As previously mentioned, not all the stories in Old Venus are up to snuff. Some are experimental, and some aren’t really ‘retro’ at all, just modern sci-fi on an alternatively imagined Venus. But the good ones pull this from a two or three-star collection to a four. A few standouts:

Gardner Dozois’s introduction is as evocative as any of the pieces that follow. If the majority of stories lived up to the pulpy standards he sets in his essay, I’d have given Old Venus five stars.

Allen Steele’s ‘Frogheads’ is a solid start, set in the same universe as ‘Martian Blood’ from the previous anthology. It uses the PI format to explore concepts of colonialism and addiction, and the ending doesn’t let any guilty parties off the hook.

‘Planet of Fear,’ by Paul McAuley, is also good.
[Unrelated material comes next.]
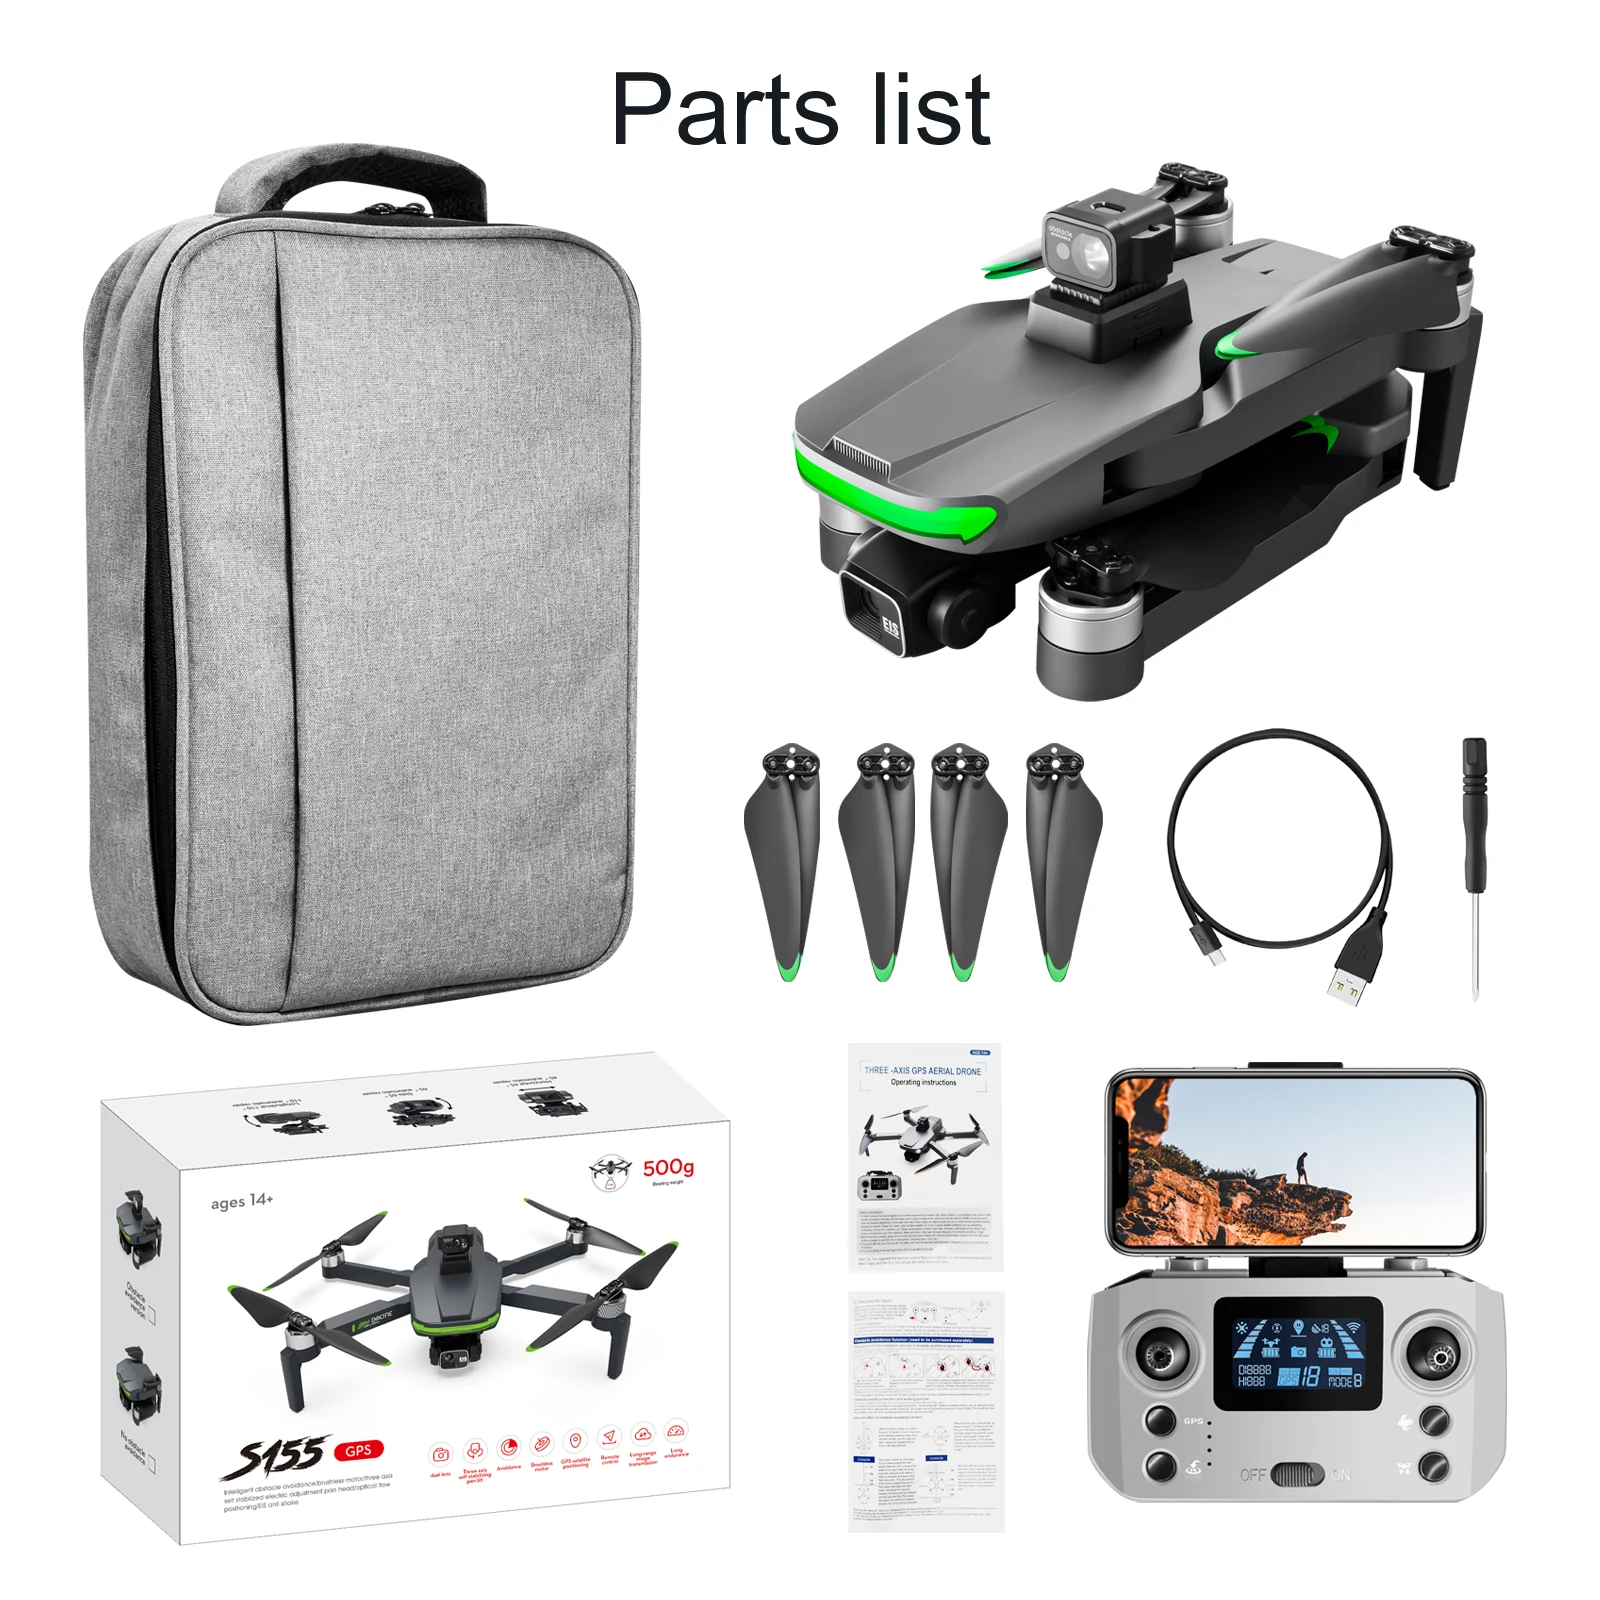 S155 Pro GPS Drone, Parts list Tmree AXis Gps AERIAL Drone Ce
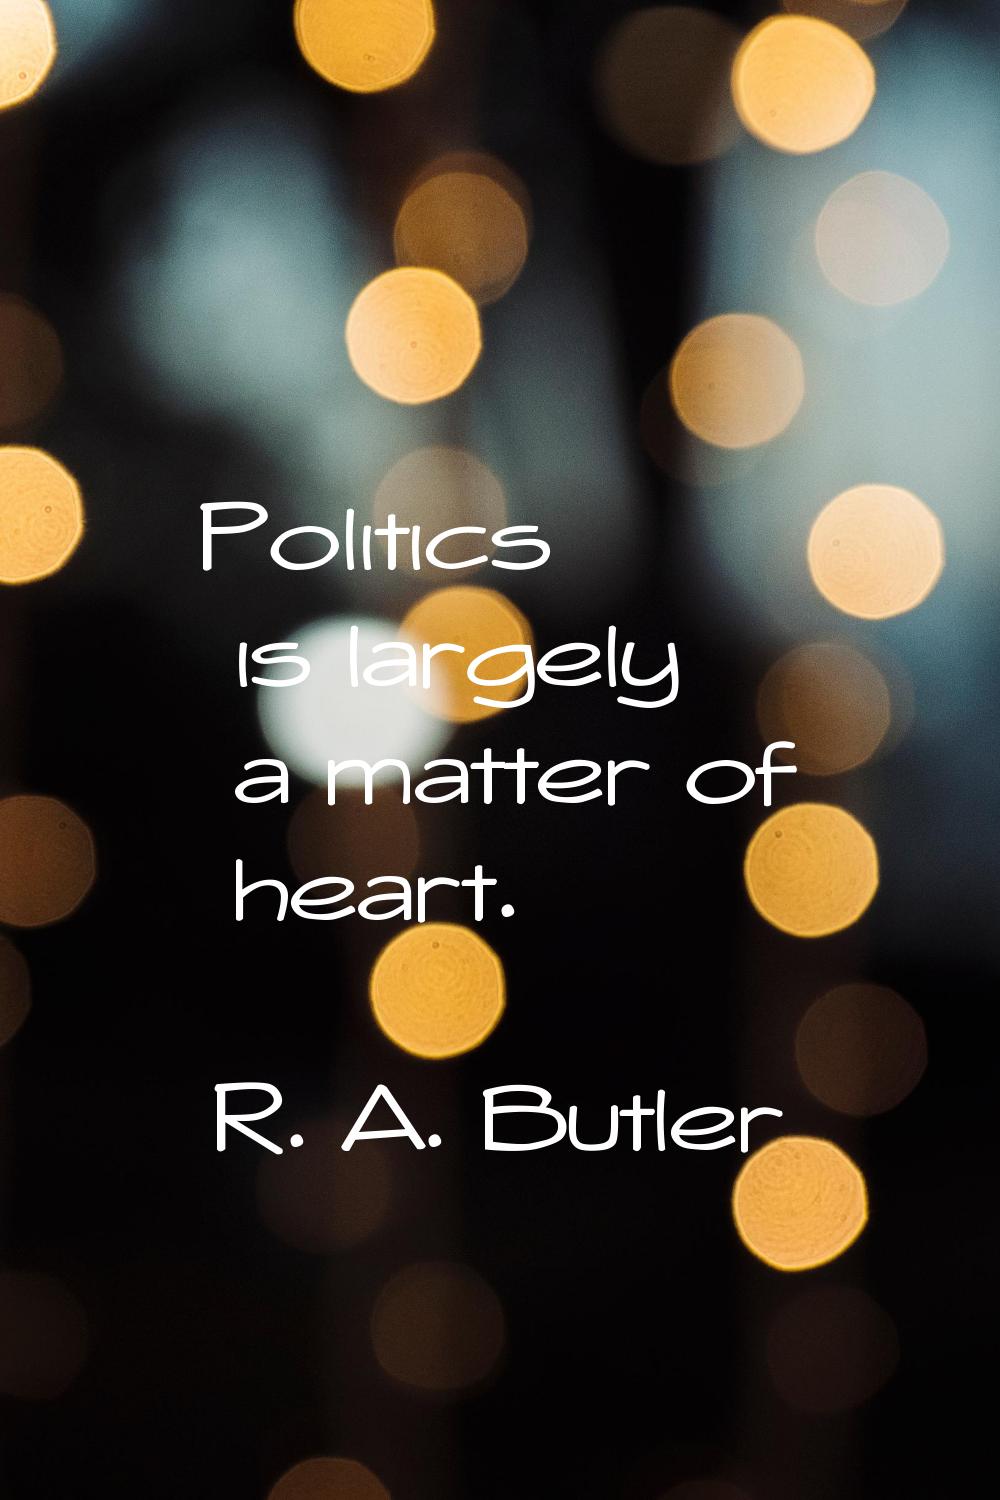 Politics is largely a matter of heart.

Russian culture (a re-occurring theme throughout the anthology), nationalistic paranoia, and xenobiology.

‘Greeves and the Evening Star,’ by Matthew Hughes, uses the familiar framework of P.G. Wodehouse. Very entertaining.

Joe Haldeman’s ‘Living Hell’ is one of the first stories I read, because it’s by, well, Joe Haldeman. Venus as a death-planet crammed with killer biota, and the ending’s a real twist.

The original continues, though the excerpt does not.